Ее сборники не лежали на прилавках книжных магазинов и не стояли на библиотечных полках. Считалось, что исповедальность ее поэзии, щемящая откровенность чувств не совсем созвучны времени коллективного энтузиазма… И даже после так называемой перестройки стихи этой поэтессы оставались в таком же непочете у издательств России. Вышли из моды девчоночьи тетрадки с любимыми стихами, которые записывались, запоминались, западали в душу и оставались там навсегда… Во многих подобных тетрадках можно было найти и строки Вероники Тушновой.

А в доме будет грусть и тишь,
хрип счетчика и шорох книжки,
когда ты в двери постучишь,
взбежав наверх без передышки.
За это можно все отдать,
и до того я в это верю,
что трудно мне тебя не ждать,
весь день не отходя от двери…

Она родилась 27 марта 1911 года в Казани в семье преподавателя микробиологии, впоследствии действительного члена Всесоюзной сельскохозяйственной академии им. Ленина. Окончила среднюю школу, хорошо говорила по-английски и по-французски, по настоянию отца поступила на медицинский факультет Казанского университета. Довершить образование пришлось уже в Ленинграде, куда переехала семья. Отец мечтал, что дочь пойдет по его стопам, станет продолжательницей его научной работы. Мечтам этим не суждено было сбыться… Правда, в 1934-м Вероника поступила в аспирантуру московского института, но наука мало занимала ее. В столице, где обосновались родители, она занялась живописью. Почти в это же время началось серьезное увлечение поэзией, хотя стихи писались с детства.

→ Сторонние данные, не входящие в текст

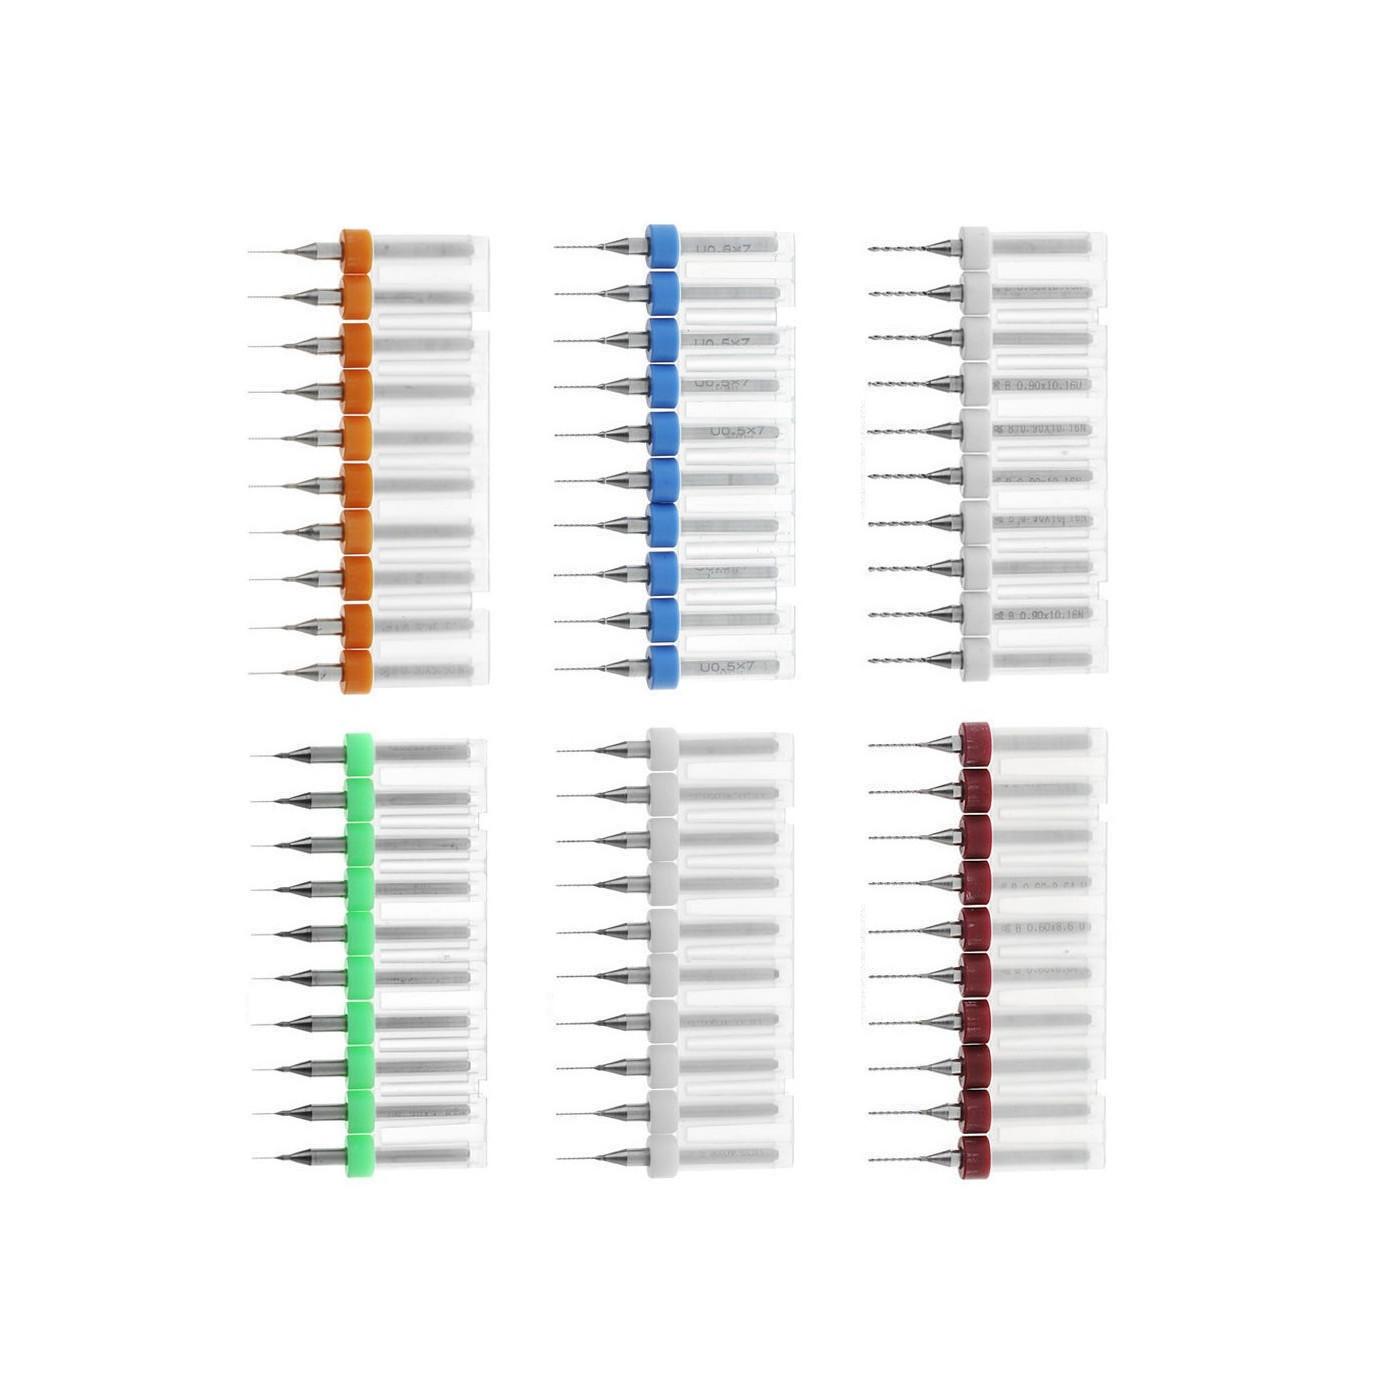 Ensemble de 10 micro forets dans une boîte (0,20 mm)

В 1935-м внезапно скончался отец. Через три года Вероника вышла замуж за врача-психиатра Юрия Розинского, родила дочь Наташу. В это же время впервые были опубликованы ее стихи.

В 1941-м Вероника поступила в Литературный институт, только вот учиться не пришлось: началась война. С больной матерью и маленькой дочкой на руках Тушнова отправилась в эвакуацию, в родную Казань, где работала в госпитале – медицинские знания все-таки пригодились.

«…Вероника Михайловна не была обычным лечащим врачом, – вспоминала одна из коллег Тушновой той поры, хирург Надежда Ивановна Лыткина-Катаева. – Она бросалась всей душой и силами в судьбу раненого, больного, на помощь, как при сигнале SOS. Она больно обжигалась о человеческие страдания. Из этого рождались стихи. Раненые любили ее восхищенно. Ее необыкновенная женская красота была озарена изнутри, и поэтому так затихали бойцы, когда входила Вероника…»

В Москву она вернулась через два года. Рассталась с мужем, хотя они остались друзьями. Уже после войны умерла ее мама, Александра Георгиевна. И на свет появился первый сборник стихов, так и названный: «Первая книга». Ее дебют в печати состоялся, когда поэтессе исполнилось двадцать девять лет. Она стала участницей I Совещания молодых писателей, собравшего поистине блестящее созвездие имен. Через полтора десятка лет Вероника Тушнова вернулась в Литинститут, но уже не студенткой, а известной поэтессой и руководителем творческого семинара.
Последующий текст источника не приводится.